A–B”) Fluorescence images (A–B) of wild-type (A–A”) and sem-2(jj321[P158S]) (B–B”) embryos showing the expression of hlh-8p::nls::mCherry in the M mesoblast cell (arrows). A’–B’ and A”–B” are corresponding DIC and merged images, respectively. Transgenic animals expressing hlh-8p::nls::mCherry were generated with a co-injection marker myo-2p::mCherry represented by the red pharyngeal signal. Scale bar represents 15 μm. C) Quantification of hlh-8p::nls::mCherry expression in the M mesoblast cell of WT and sem-2(jj321[P158S]) embryos. Each dot represents an embryo scored. Data are normalized to WT. Statistical significance was calculated by performing unpaired two-tailed Student’s t-tests. * P<0.05. D–E) Fluorescence images of wild-type (D–D”) and sem-2(jj152[P158S]) (E–E”) mutant L3 animals showing expression of the hlh-8p::gfp transgene in SMs. D’–E’ and D”–E” are corresponding DIC and merged images, respectively. Exposure for panel E is 20x times higher than panel D (1x). Scale bar represents 10 μm. F–G) Fluorescence images of wild-type (F) and sem-2(jj152[P158S]) (G) mutant L1 animals at the 4-M stage showing expression of the hlh-8p::gfp transgene at the same exposure (1x). Scale bar represents 20 μm. H–I”) Fluorescence images (H–I) of a heterozygous sem-2 null (sem-2(ok2422)/hT2[qIs48]) (H–H”) and a sem-2 null (sem-2(ok2422)) (I–I”) embryo showing expression of hlh-8p::nls::mCherry. myo-2p::gfp images from the hT2[qIs48] balancer chromosome are shown in H’–I’ and merged images are shown in H”–I”. Scale bar represents 15 μm. J) Quantification of hlh-8p::nls::mCherry expression in the embryonic M mesoblast cell of sem-2(ok2422)/hT2[qIs48] and sem-2(ok2422) animals. Each dot represents an embryo scored. Data are normalized to sem-2(ok2422)/hT2[qIs48]. Statistical significance was calculated by performing unpaired two-tailed Student’s t-tests. ns, not significant. K–L”’) Fluorescence images (K–L) of a heterozygous sem-2 null (sem-2(ok2422)/hT2[qIs48]) (K–K”’) and a sem-2 null (sem-2(ok2422)) (L–L”’) L1 animals showing expression of hlh-8p::nls::mCherry. myo-2p::gfp images from the hT2[qIs48] balancer chromosome are shown in K’–L’, merged images of hlh-8p::nls::mCherry and myo-2p::gfp are shown in K”–L”, and DIC images are shown in K”’–L”’. Scale bar represents 20 μm. Arrows point to M lineage cells.

(TIF)

S5 Fig. The putative SEM-2/SoxC-binding site in E1 is conserved.
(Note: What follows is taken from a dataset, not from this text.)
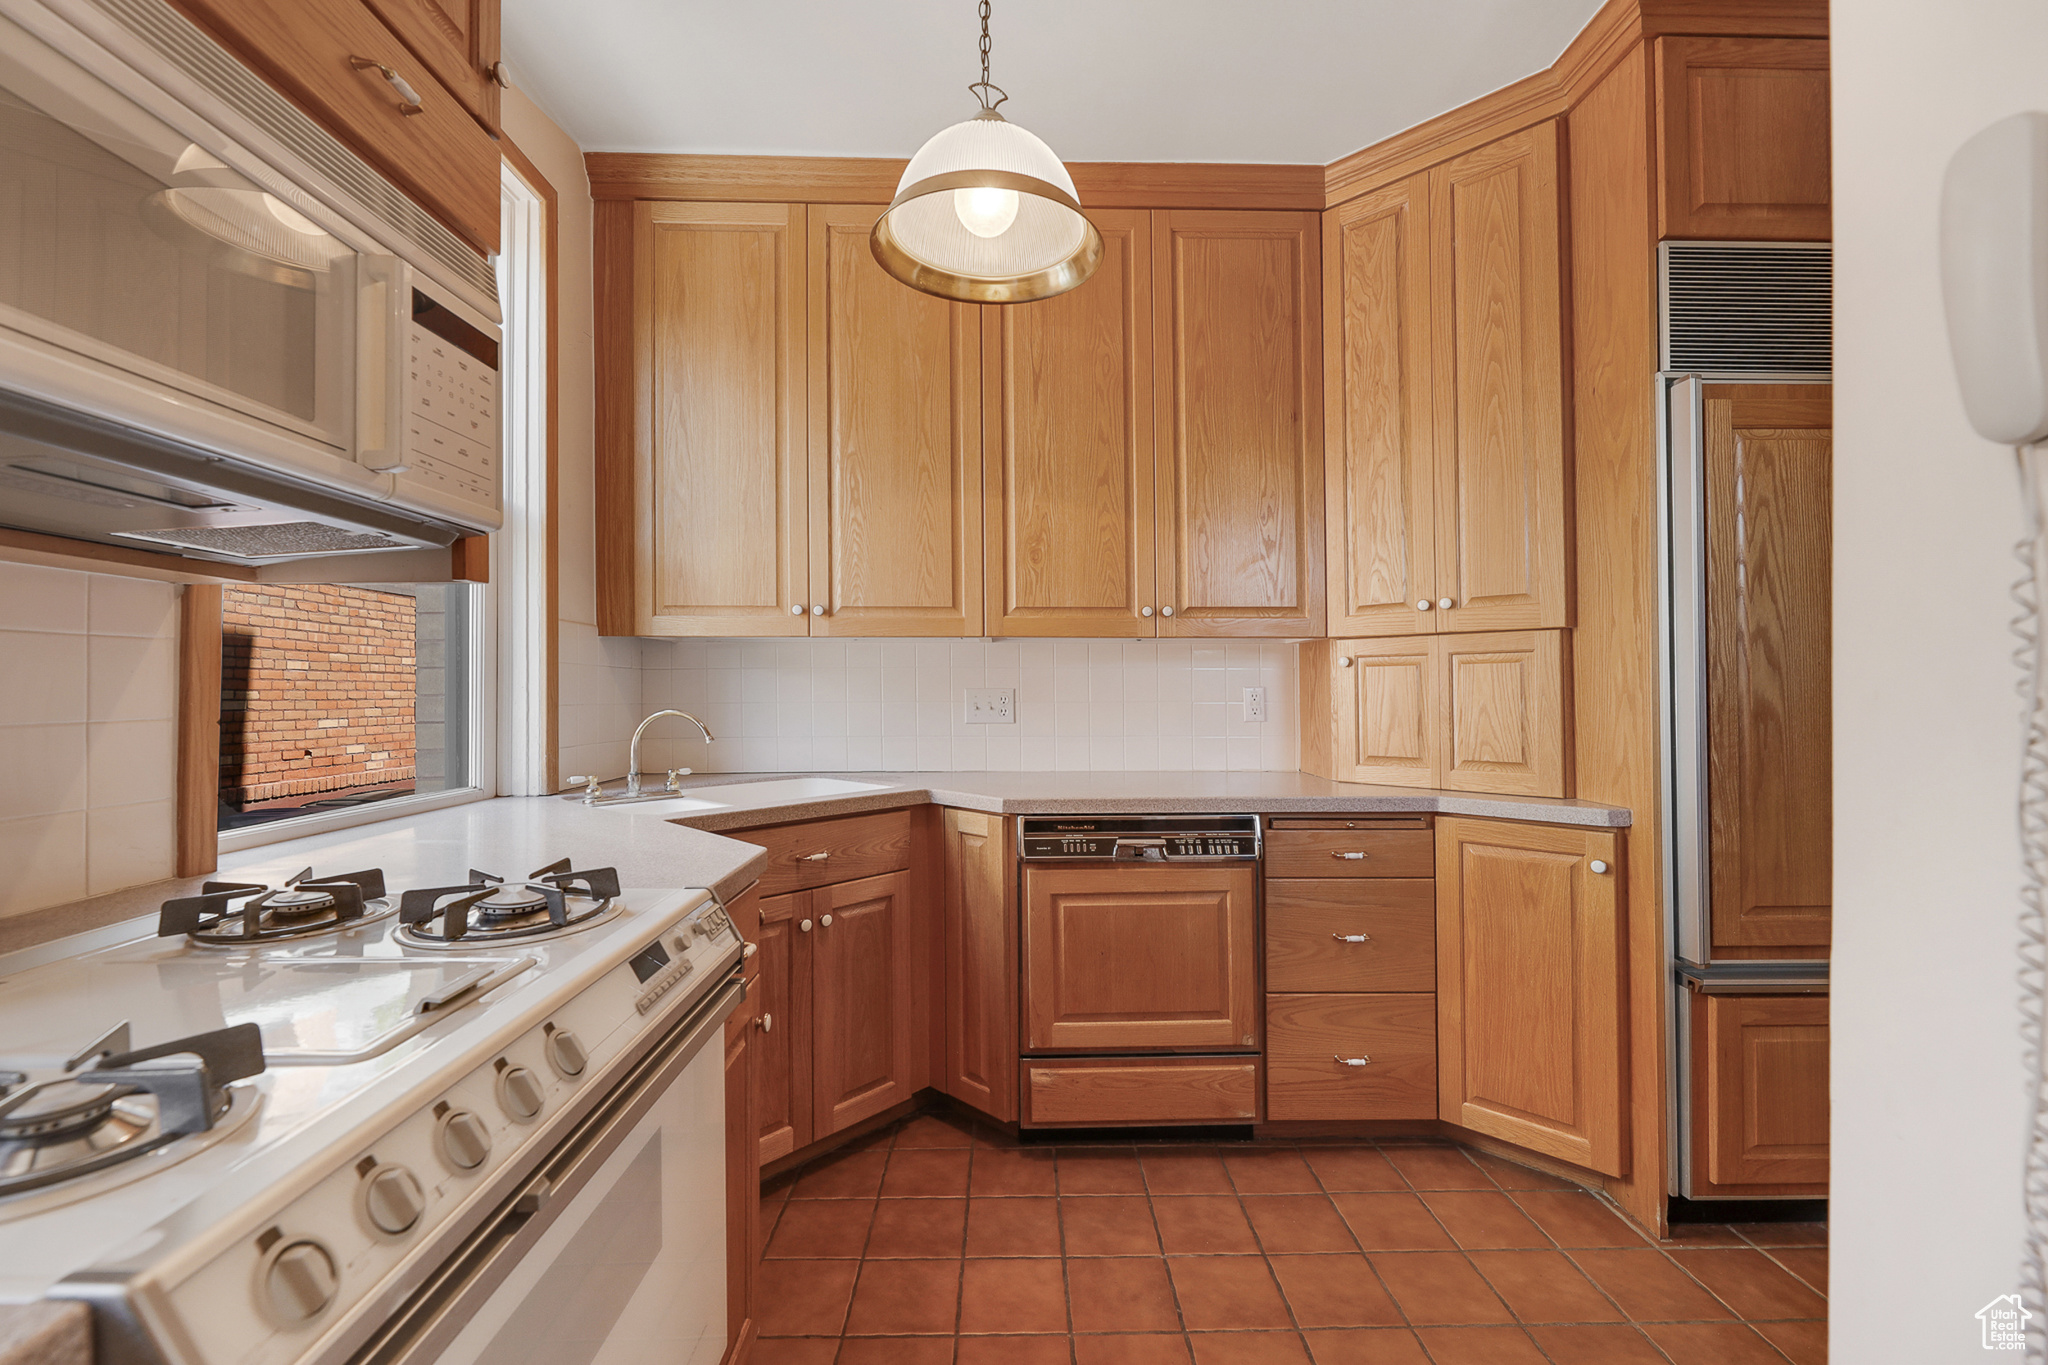 Kitchen with white appliances, tasteful backsplash, dark tile flooring, sink, and pendant lighting

A) Screenshot of the University of California, Santa Cruz (UCSC) genome browser showing the sequence conservation of E1 and E2 in the hlh-8 promoter among 26 nematode species and a broader 135 species (112 nematodes, 22 flatworms, and Ciona intestinalis). The magenta color highlights E1 and E2. Red boxes show Site1 and Site2. The yellow color highlights the putative SEM-2/SoxC-binding sites in E1/Site1 and E2/Site2. B) The position weight matrix of the Sox4/SoxC primary motif as determined by the protein-binding microarray (PBM) method [33].

(TIF)

S1 Data. Excel file containing all the raw data for Figs 2, 5, 6, 7, S1, S2, S3 and S4.

(XLSX)

Data Availability

Strains and plasmids are available upon request. The authors affirm that all data necessary for confirming the conclusions of the article are present within the article and its supporting information files.

Funding Statement

Some strains were obtained from the C. elegans Genetics Center, which is funded by National Institutes of Health (NIH) Office of 27 Research Infrastructure Programs (P40 OD-010440). This work was supported by NIH R35 GM130351 to J.L.. M.B. was partially supported by the HHMI Gilliam Fellowship for Advanced Study (#GT13366) and the Cornell IMSD, which is funded by NIH R25 GM125597. A.L. was partially funded by the Cornell University College of Agriculture and Life Sciences Charitable Trust Grant and Morley Student Research Grant. L.P. and A.N.M. were Hunter R. Rawlings III Presidential Research Scholars at Cornell University. The funders had no role in study design, data collection and analysis, decision to publish, or preparation of the manuscript.